CA Motichand Gupta
Section 14A was introduced by the Finance Act, 2001 w.e.f. 1st April 1962 and will, accordingly apply to the assessment year 1962-63 and subsequent years. Till the assessment year 2008-09, there was no standard rule prescribed by the department. Therefore, assessing officers were applying various methods to disallow the expenditure under this section. Various methods include percentage of exempt income or exempt income divide by total revenue into administrative expenditure. Since these methods were not scientifically proved and were not based on any legal provision so Application of these methods lead to litigation by the assessee at various levels.
To overcome the different method of disallowance adopted by assessing officers, department has prescribed the Rule 8D vide Income Tax Notification No. 45/2008 Dated – March 24, 2008. As held by Bombay High Court in the case of Godrej & Boyce Manufacturing Company limited v/s DCIT that Rule 8D is applicable from prospective i.e. from assessment year 2008-09 and onward.

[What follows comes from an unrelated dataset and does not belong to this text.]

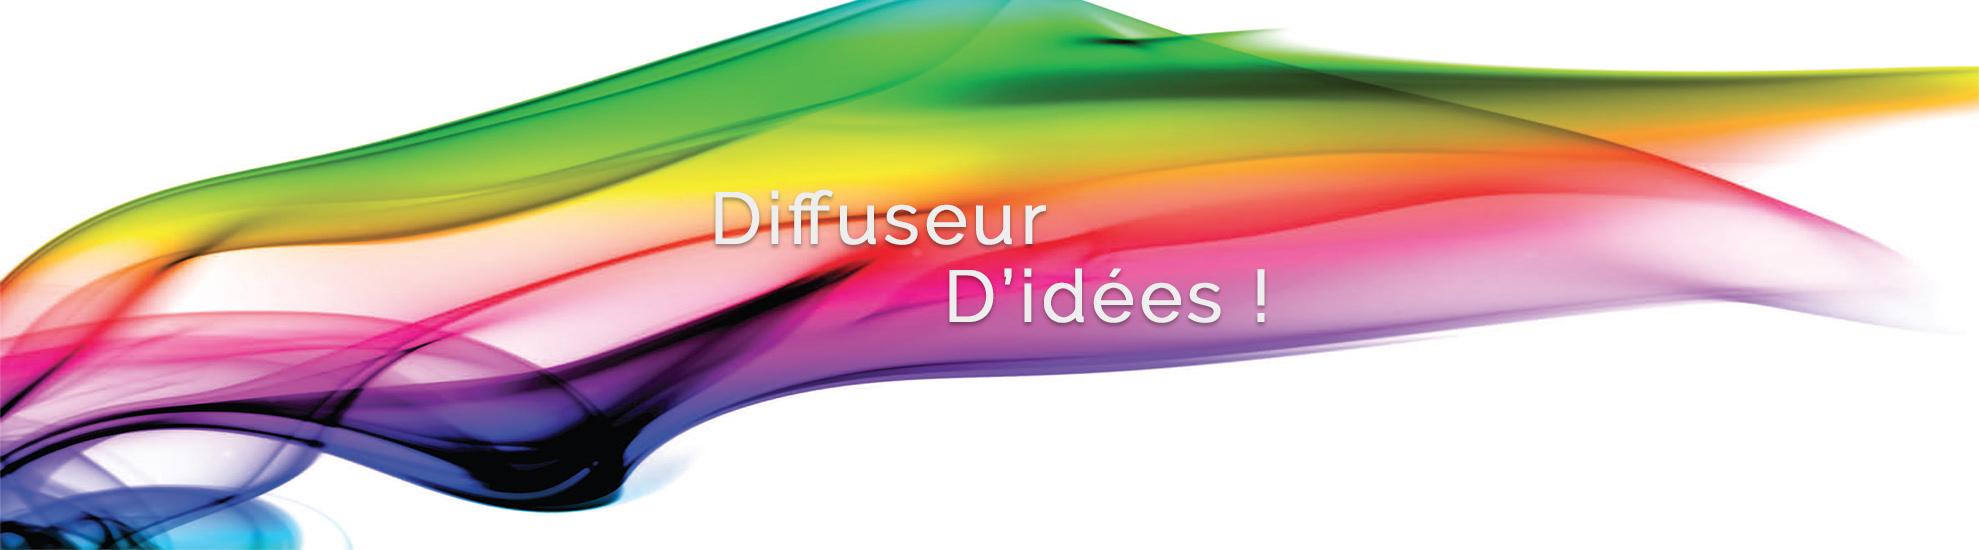 SLIDE Diffuseur

Till the issuance of Income Tax Circular No. 5/2014 dated 11th February, 2014, many companies were calculating disallowance by taking the figures in numerator under Rule 8D (2)(ii) of only those tax free investment where dividend incomes are declared during the year ie tax free investment where no tax free income are generated are excluded from numerator part.
Also, under Rule 8D(2)(iii) to calculate average investment only those investment are considered where tax free incomes are generated during the year i.e. those tax free investments where no tax free income are generated are excluded while calculating the average investment.
However, with issuance of Income Tax Circular No. 5/2014 dated 11th February, 2014 for the purpose of Rule 8D(2)(iii) & (iii) all tax free investment are to be considered whether dividend are declared or not. This will lead to substantial increase in disallowance. From the financial year 2013-14 onward company has to make income tax provision in the books after taking into account this circular so that after the assessment there is no short provision in the books.